Call for levy to protect Ireland’s peat bogs

Conservation groups and gardening suppliers are calling on the government to introduce a levy on peat to persuade gardeners to consider alternative compost.


Peat bogs are a vital carbon sink and the extraction and use of peat releases carbon dioxide and destroys the habitat of a wide variety of wildlife.

The RSPB has published a report saying the government’s attempts to phase out peat have failed and Defra’s planned voluntary initiative will not work.

The Society is recommending a £1 levy on a regular-sized bag of peat based compost, to encourage consumers to choose peat-free alternatives.

The levy could also be used, it says, to fund the restoration of damaged peat bogs across the UK.

The majority of the peat sold in the UK comes from Ireland and the Baltic countes. The call for a levy is backed by the Irish Peatland Conservation Council.

Irish Peatland Conservation Council chief executive, Catherine O’Connell, said: “Our bogs need your levy.

“Irish peat bogs are being torn apart to supply British gardeners with their bags of peat compost – we’re now your major peat source.

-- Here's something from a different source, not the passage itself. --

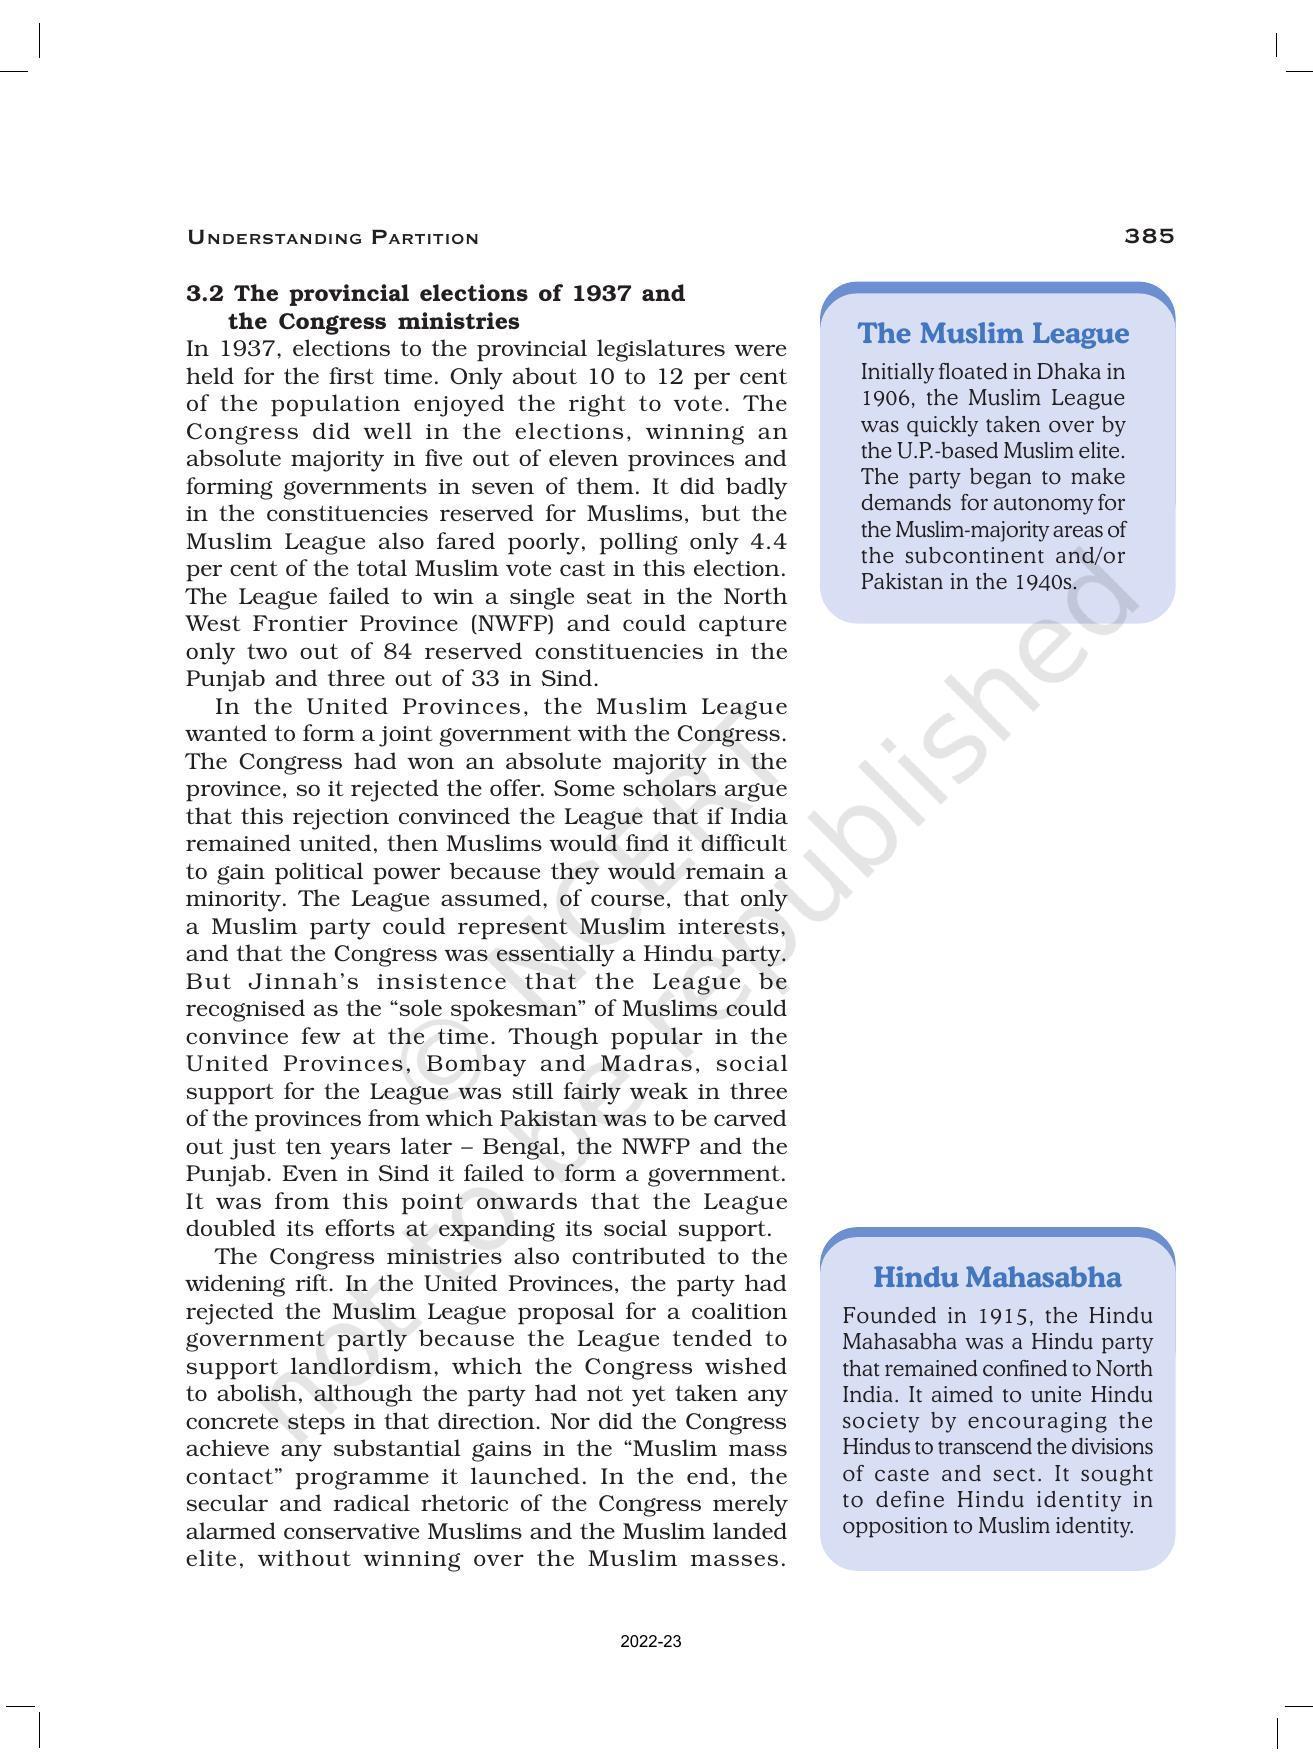 NCERT Book for Class 12 History (Part-III) Chapter 14 Understanding Partition - Page 10
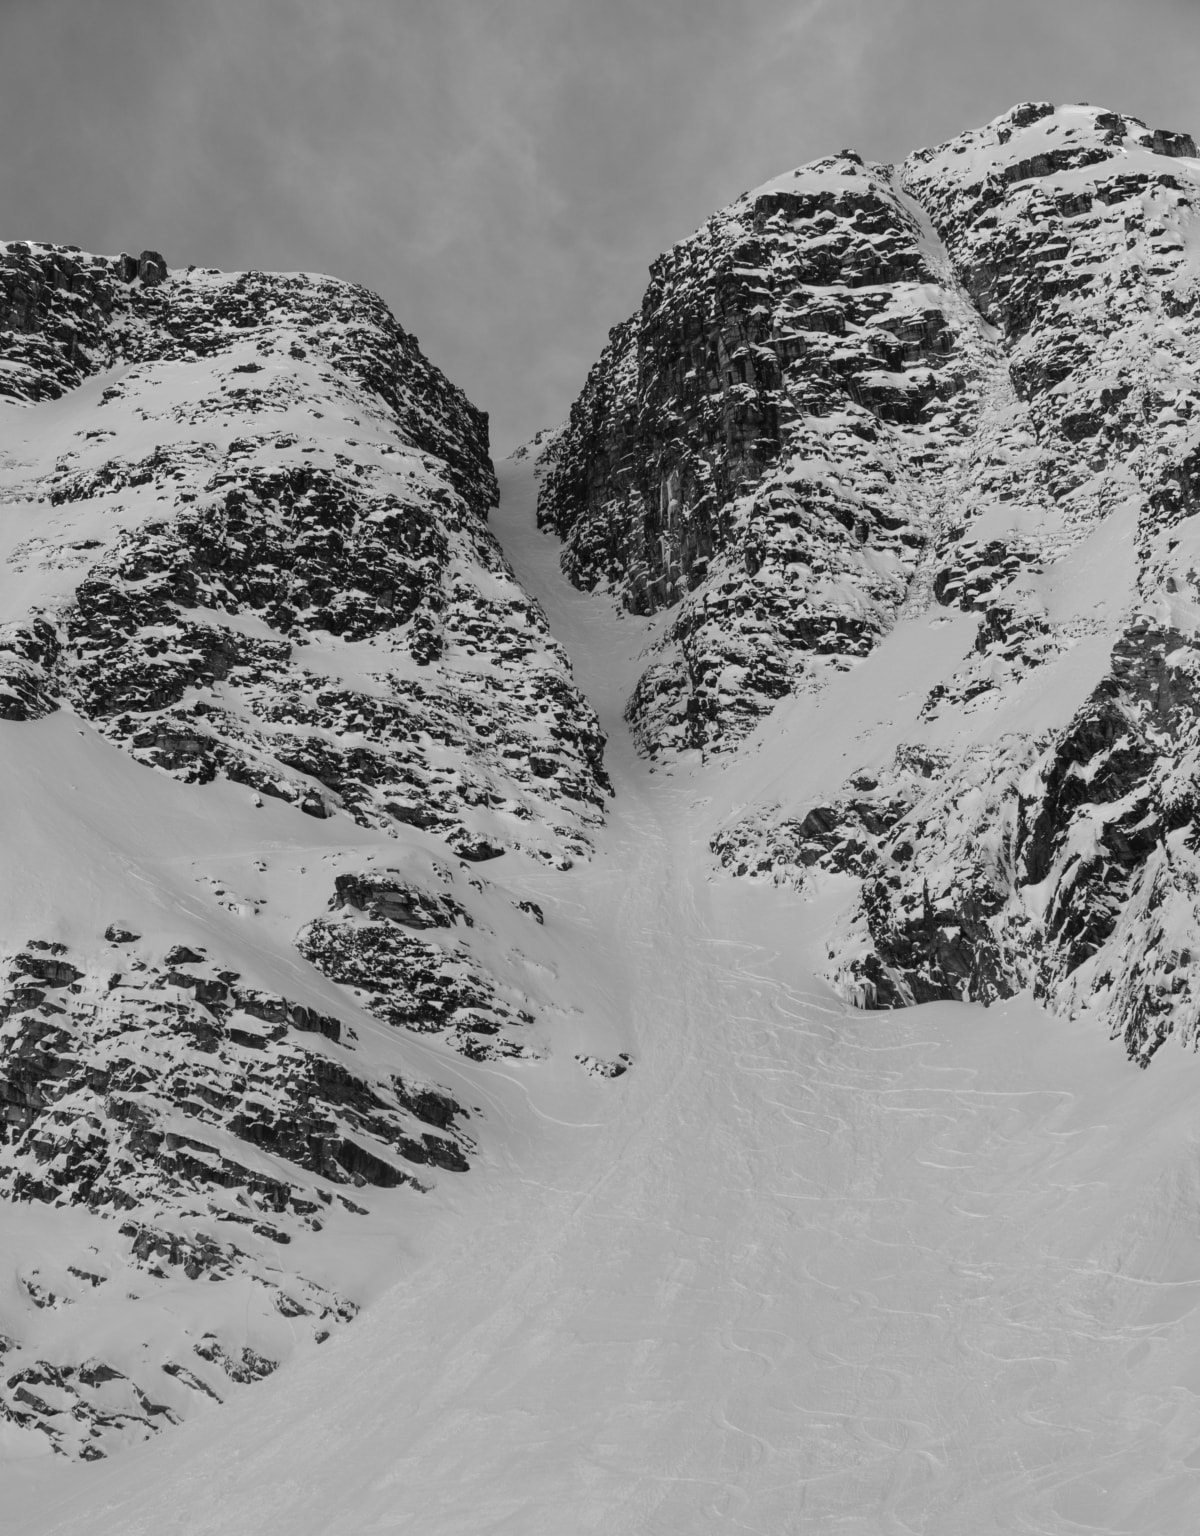 view of the forever young couloir

“A retail levy will help consumers to choose composts not on price, but on their relative merits.”

The RSPB says that the market for peat based compost in the UK is responsible for 630,000 tonnes of carbon emissions a year – the equivalent of an extra 300,000 cars on our roads.

They claim that according to UK Government figures, the cost to society of peat through carbon emissions alone is £11 per cubic metre – around £32million a year in the UK.

RSPB conservation director, Mark Avery, said: “It really is incredible that a product as hugely damaging to our environment as peat is still being widely consumed in the UK.

“Despite attempts to tackle this issue in the 1990s, little has been achieved aside from exporting damaging peat extraction overseas.

“We have got rid of lead in our petrol, CFCs in our aerosols and DDT in our countryside – so why is this dinosaur industry still lumbering along causing untold damage to our environment?”

The Government’s current consultation on phasing out peat based products ends on 11 March 2011.